Application for trademark:

Approved use of commodities: nutritional supplements, medical supplements, dietary supplements for animals, veterinary medication

Citation mark:

Approved products: coffee, cocoa, sugar, tapioca, artificial coffee, candy, edible ice, sugar paddle, yeast, baking powder


[Introduction to the case]


The application for trademark was filed by Yuyao Dily Chemical Technology Co., Ltd. on November 17, 2015, and was later rejected by the Trademark Office. The plaintiff filed a review application with the Trademark Review and Appraisal Committee within the statutory time limit. The Trademark Review and Adjudication Board was on April 21, 2017. Make a business evaluation [2017] No. 41743 "About the 18353893 "Saifu" trademark refusal review decision" (referred to as "the responded decision"). The TRAB believes that the application for a trademark and a reference mark constitute an approximate mark on the same or similar goods. Yuyao Company refused to accept this decision and filed an administrative lawsuit with the Beijing Intellectual Property Court. The Beijing Intellectual Property Court held that the application for trademarks and citation marks constituted similar trademarks on the same or similar goods. The appellant refused to accept the appeal within the specified time limit, and the court found that the administrative judgment of the Beijing Intellectual Property Court (2017) Beijing 73, No. 4770 was cancelled; the judgment of revoking the responded decision and re-making the decision was made. Our company's attorney client (appellant) won the second trial of the case.


【Court decision】


Article 30 of the Trademark Law stipulates that: Where a trademark applied for registration is the same or similar to a trademark already registered or pre-certified by another person on the same commodity or similar commodity, the Trademark Office rejects the application and does not make an announcement.

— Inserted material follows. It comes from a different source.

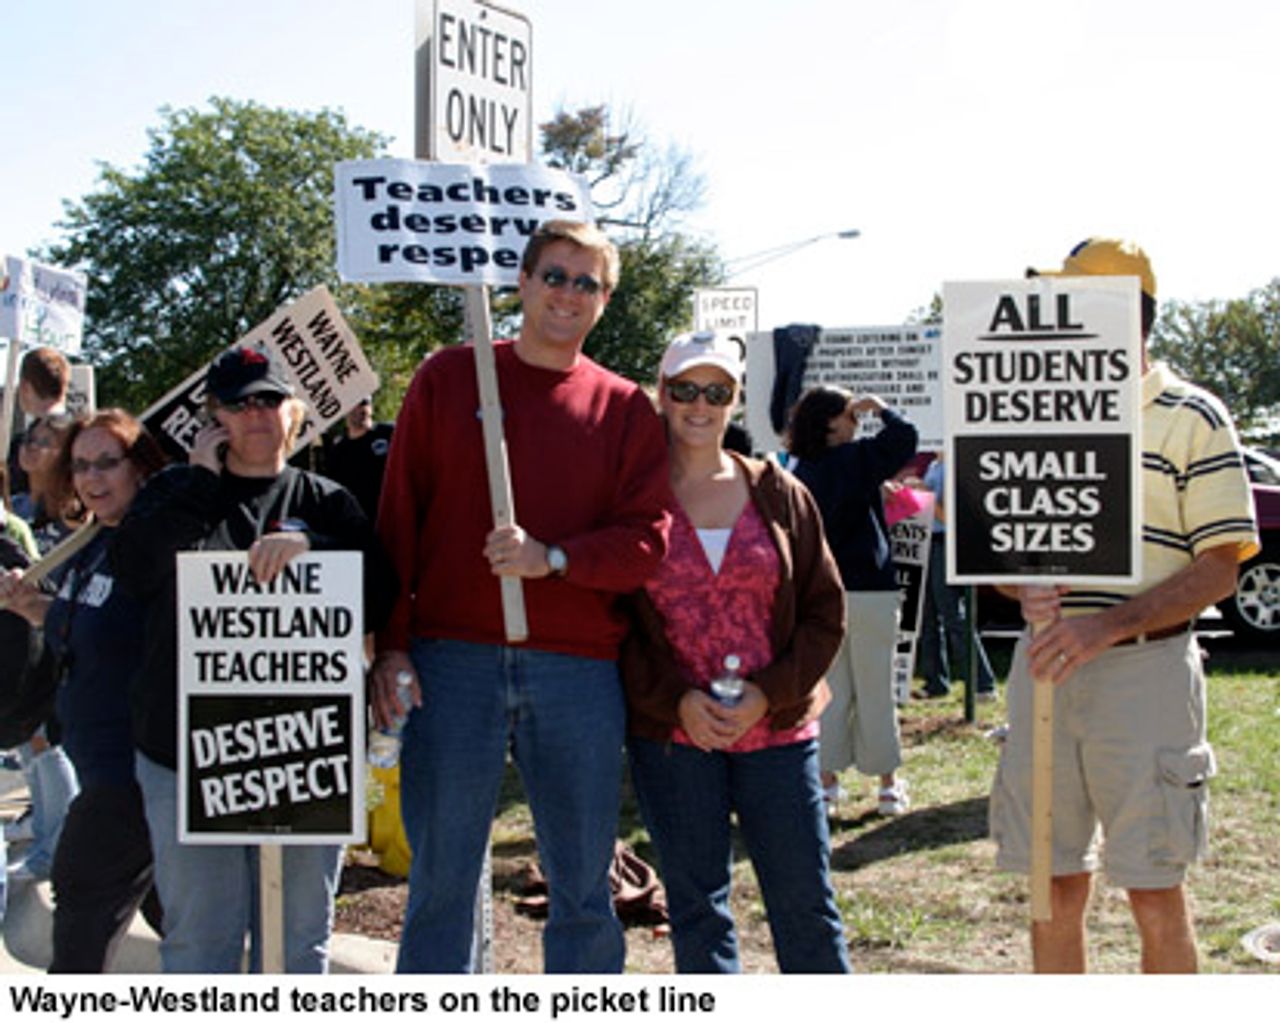 Wayne-Westland teachers on the picket line

Article 28 of the Provisions of the Supreme People's Court on Reviewing Several Issues Concerning Administrative Cases Concerning the Authorization of Trademark Authorizations stipulates: "In the process of the people's court hearing the administrative case of trademark authorization and confirmation, the Trademark Review and Adjudication Board rejects and rejects the application for trademarks. If the cause of registration or invalidation ceases to exist, the people's court may revoke the relevant ruling of the Trademark Review and Adjudication Board based on the new facts and order it to make a new ruling based on the changed facts."


During the second trial of this case, Yuyao Company submitted the notice of trademark revocation as evidence, and proved that the cited trademark has been revoked on the approved “honey” commodity, and the word “Tianjin” was issued on June 20, 2018. Published on the 1604 issue of the trademark notice. In view of the judgment of the first instance and the decision of the respondent, the “Honey” products designated by the applicant for the trademarks and the “Honey” products approved by the cited trademarks constitute similar products. In the prior rights barrier, after the cited trademark has been revoked on the “honey” commodity, the cited trademark will no longer constitute an obstacle to the application for registration of the trademark application. The trade review committee shall make a new decision based on the changes in the facts that have occurred. The final judgment abolished the administrative judgment made by the Beijing Intellectual Property Court (2017) Beijing 73, No. 4770; canceled the responded decision and re-decided.